Sunday, November 13, 2011


What adults do with, for, and to children determines what the future will be like for any cluster of people, whether it’s a family, a school, a community, or a nation. When a nation’s institutions that are supposed to nurture and protect children begin to fail, civilization there deteriorates.

This week we were shocked by disclosure of grievous wrong-doing by one adult who sexually abused children and wrong-doing by other adults who were complicit by keeping silent and allowing the abuse to continue. There were at least two things wrong with collective responses to the story as it was reported in various national media. First, the “blame” seemed to fall on Penn State where the specific abuse happened; and second, “what-to-do” about the situation focused on which and to what extent people should be punished. A third thing wrong with early reports was that for the first couple of days of media frenzy, the individuals who had been abused were seldom mentioned. The Penn State community, current students and faculty and alumni all over the world, plunged into sadness and regret that the incidents happened at “their university” as if it were their problem and their sadness alone. In fact, all of us are complicit who have developed or allowed to develop a culture in which children are sexually abused in plain sight of some adults with other adults’ knowing that it has happened and is continuing to happen.

It’s a cop-out to blame the Internet, instant reporting on television and radio, and mass media in general by saying it’s just that we know immediately now when a mother somewhere murders her child or a child disappears on the way to or from school or some other awful abuse of a child occurs at the hands of an adult. I’m not buying the excuse. Whatever it is that we are becoming as a civilization is the result of how we care for children... not just the children in our own families but all children.

Because of deplorable living conditions of many of the poorest of America’s children, I am personally chagrined and distressed by the general “state of the American union.” A nation is a deteriorating civilization when its politicians and the people who elect them tolerate letting children go hungry and homeless and lacking needed medical care.

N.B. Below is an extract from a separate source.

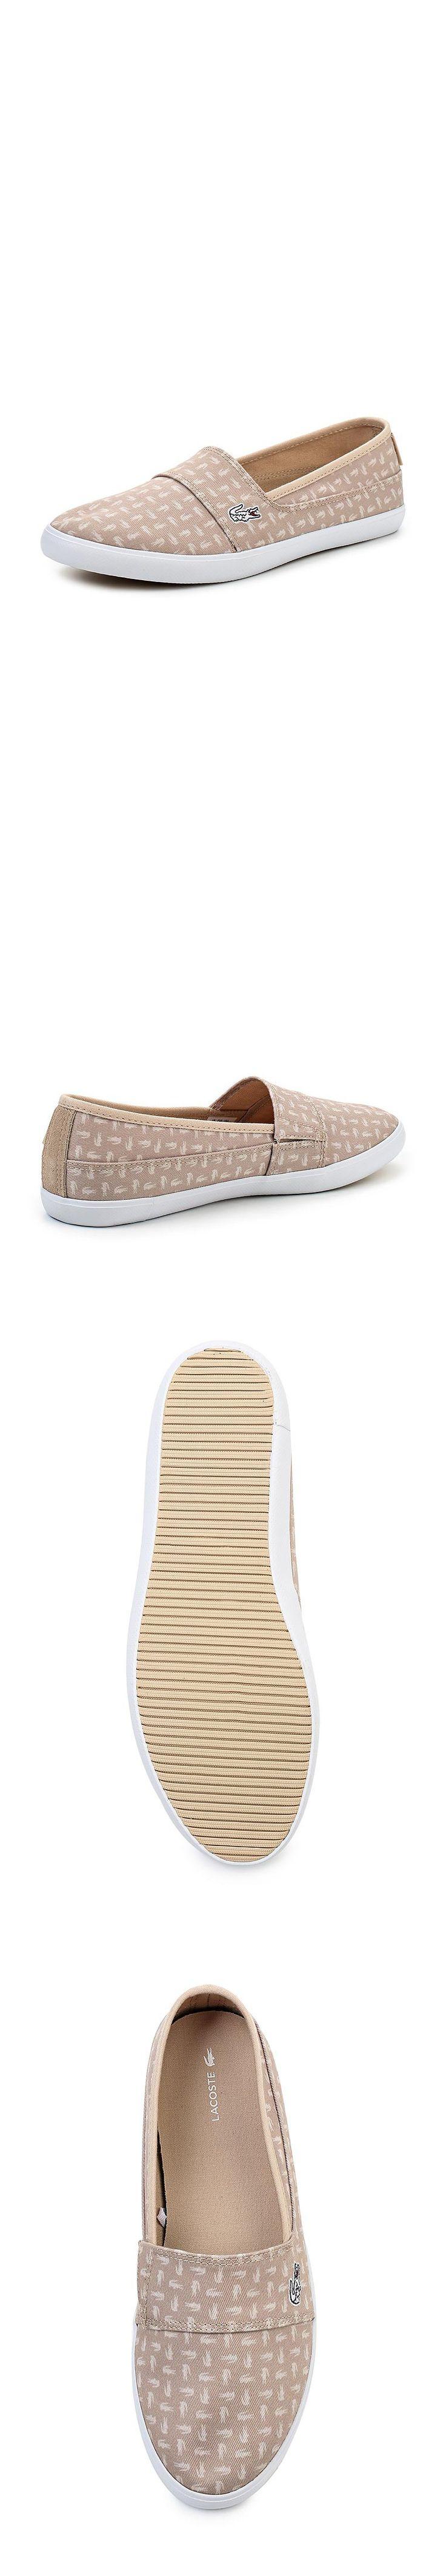 Женская обувь слипоны Lacoste за 5240.00 руб.

A presidential candidate in a speech earlier this week actually said, “Our nation needs to stop doing for people what they can and should do for themselves. Self reliance means, if anybody will not work, neither should he eat.” What is she willing to let happen to children who live in homes where parents aren’t working?

Sometime after World War II America entered a period of enlightenment and subsequent renaissance in its development and management of educational programs. The high school in a California Central Valley farming community where I was a beginning teacher in 1957 was doing then what only expensive private schools are doing today. By the mid-sixties, besides compulsory English classes, students at Yuba City High School could study German, French, Spanish, or Latin... or more than one of them. They could play in an orchestra or a marching band, sing in one of four or five special choirs, choose from several special art programs, participate in a variety of acting programs, and a whole cluster of sports and vocational programs... along with a first-rate academic program. I live now in a large California city that is facing bankruptcy and take-over by the state. In more affluent regions of the city, special programs in public schools are paid for by foundations set up by parents. Art and music teachers, sometimes librarians, and often nurses have been dismissed from the schools in the poorest parts of the city. In the sixties I thought the day would come when no American child would be left behind in hunger, sickness, homeless,and inadequate schools. In those days of civil rights activism I actually believed American public schools would all one day be places where all children would have equal educational opportunities. Like Charles Shultz’s Lucy, who was told by Charlie Brown that she should expect ups and downs because that’s the way life is, said, “But I don’t want ups and downs. I want ups and ups and ups.” But, alas, the up movement turned down in the eighties when the political climate changed. We got a national infusion of myopia by electing senators and representative in Washington and in statehouses who believed that if people at the top of the economic and social order were left unhampered by regulations, a trickle-down effect would bring prosperity to anybody who wanted to be prosperous. They believed what another presidential hopeful said recently, “Anybody who wants to be a millionaire in America and isn’t has only himself to blame.” Another presidential hopeful’s solution to America’s economic woes is to eliminate the Department of Education.

So... Penn State’s woes belong to all of us. The blame for what’s happening to our civilization must be owned by all of us. Finding solutions that will put us back on track is the responsibility of all of us.